* [What to do]
This calls for a word-for-word copy of all the data, with each picture removed.
Top of Source data
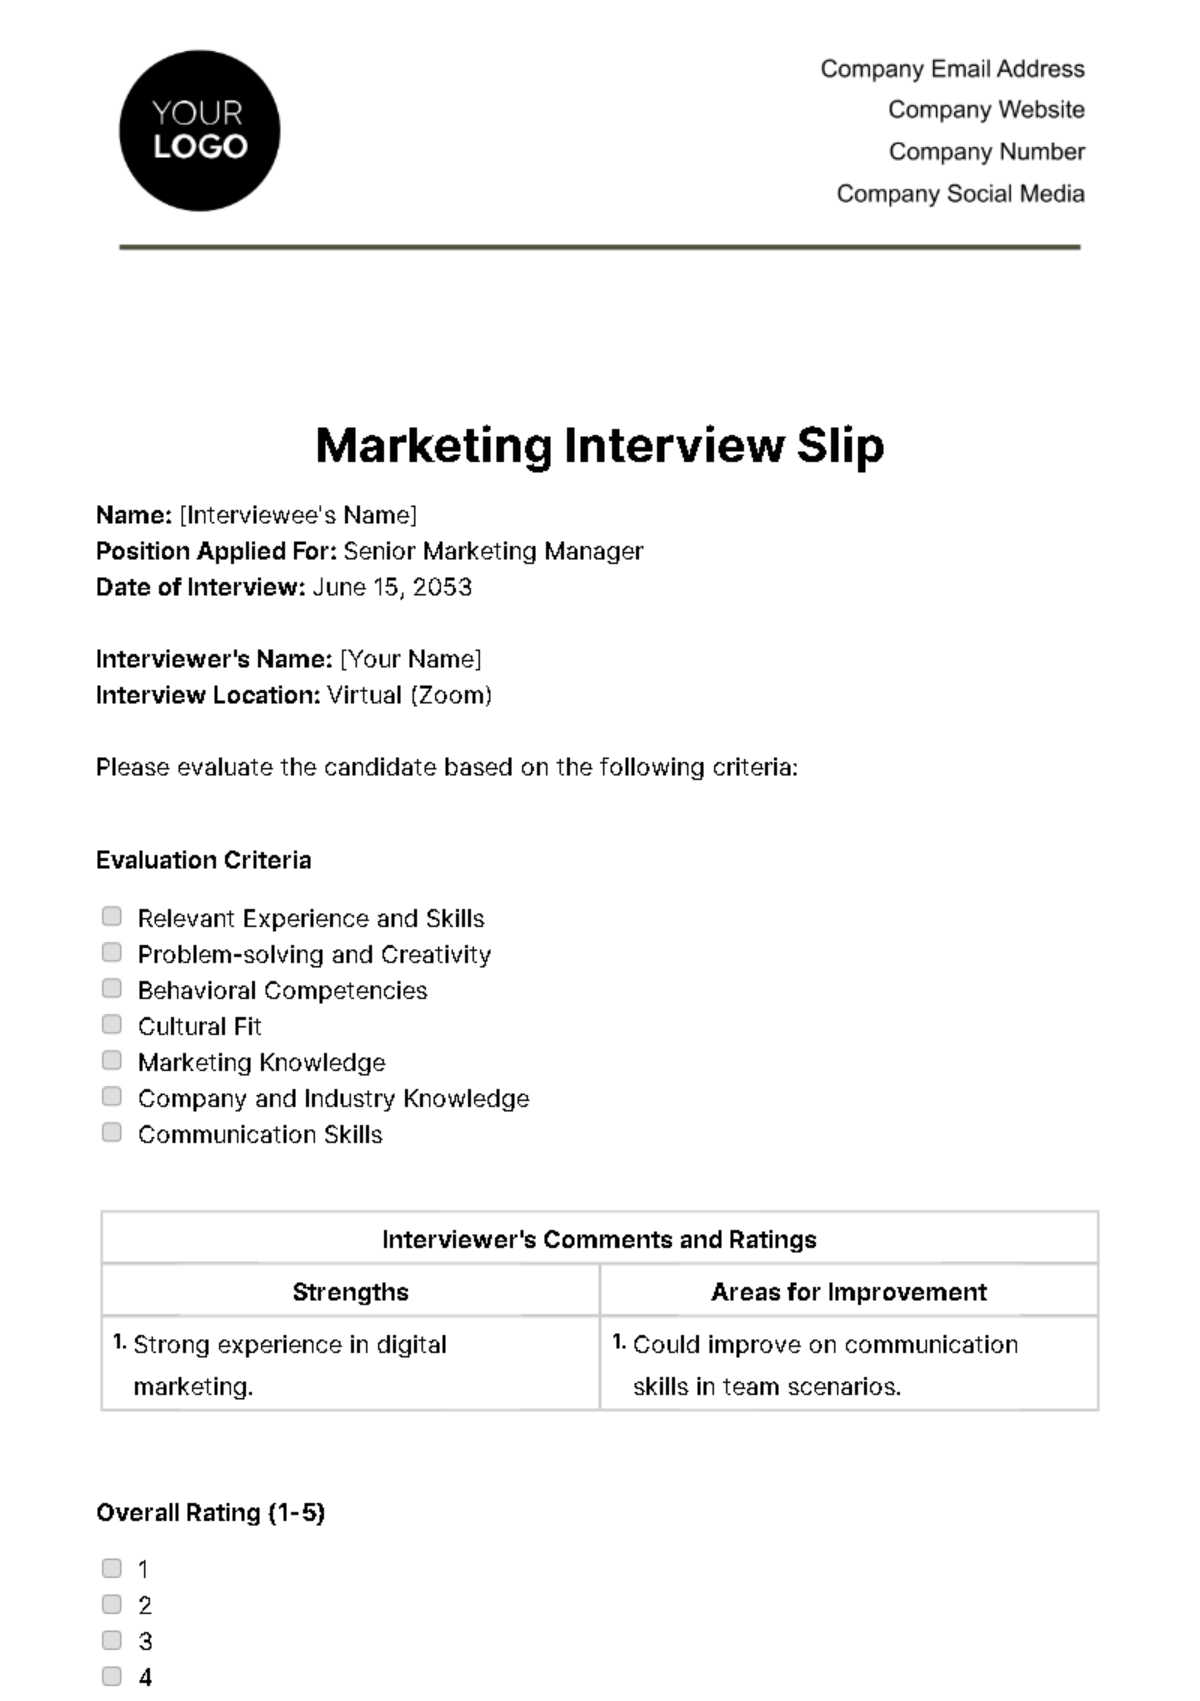 Marketing Interview Slip Template
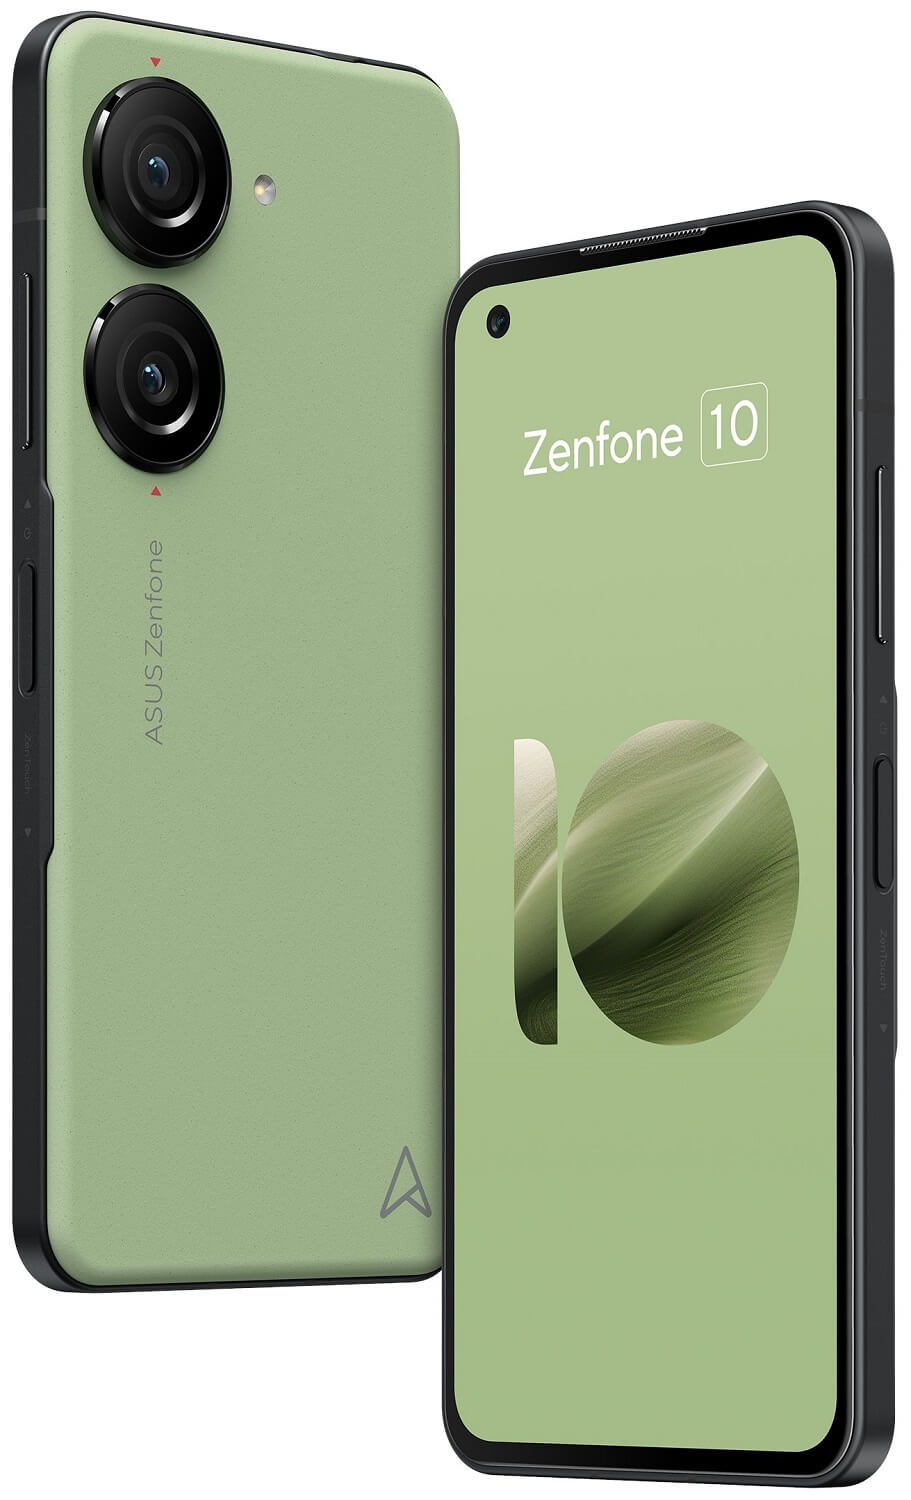 Asus Zenfone 10 1 leak
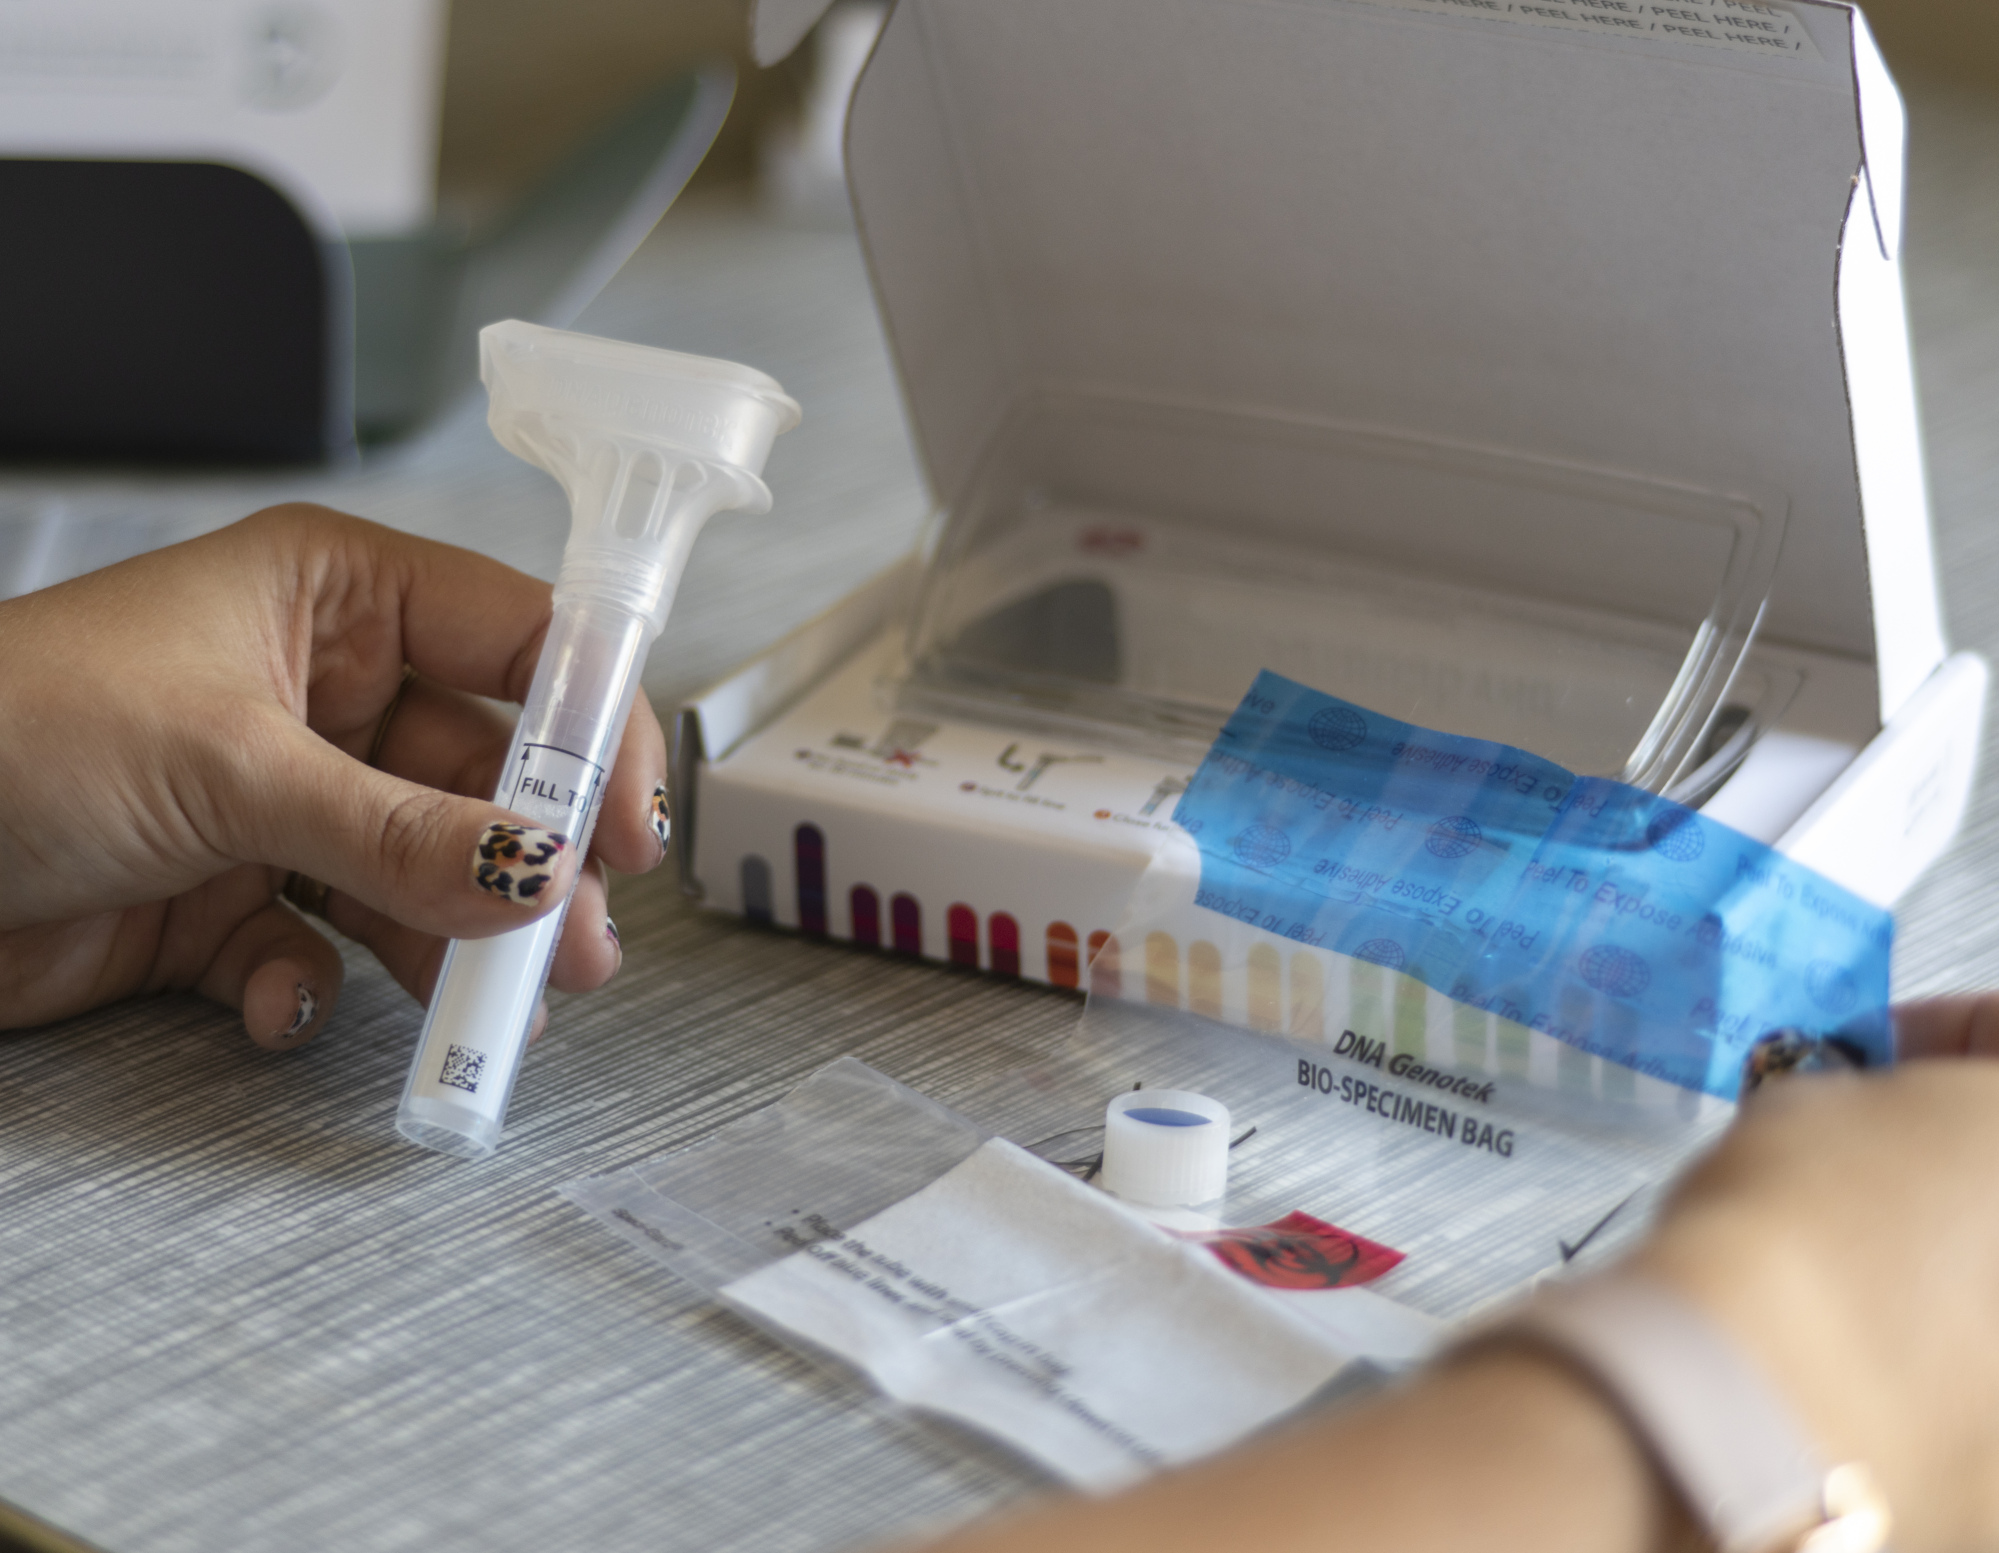 A &nbsp;23andMe&nbsp;Inc. DNA genetic testing kit.
Bottom of Source data
* [Task result]
 Marketing Interview Slip Template
 Asus Zenfone 10 1 leak
 A &nbsp;23andMe&nbsp;Inc. DNA genetic testing kit.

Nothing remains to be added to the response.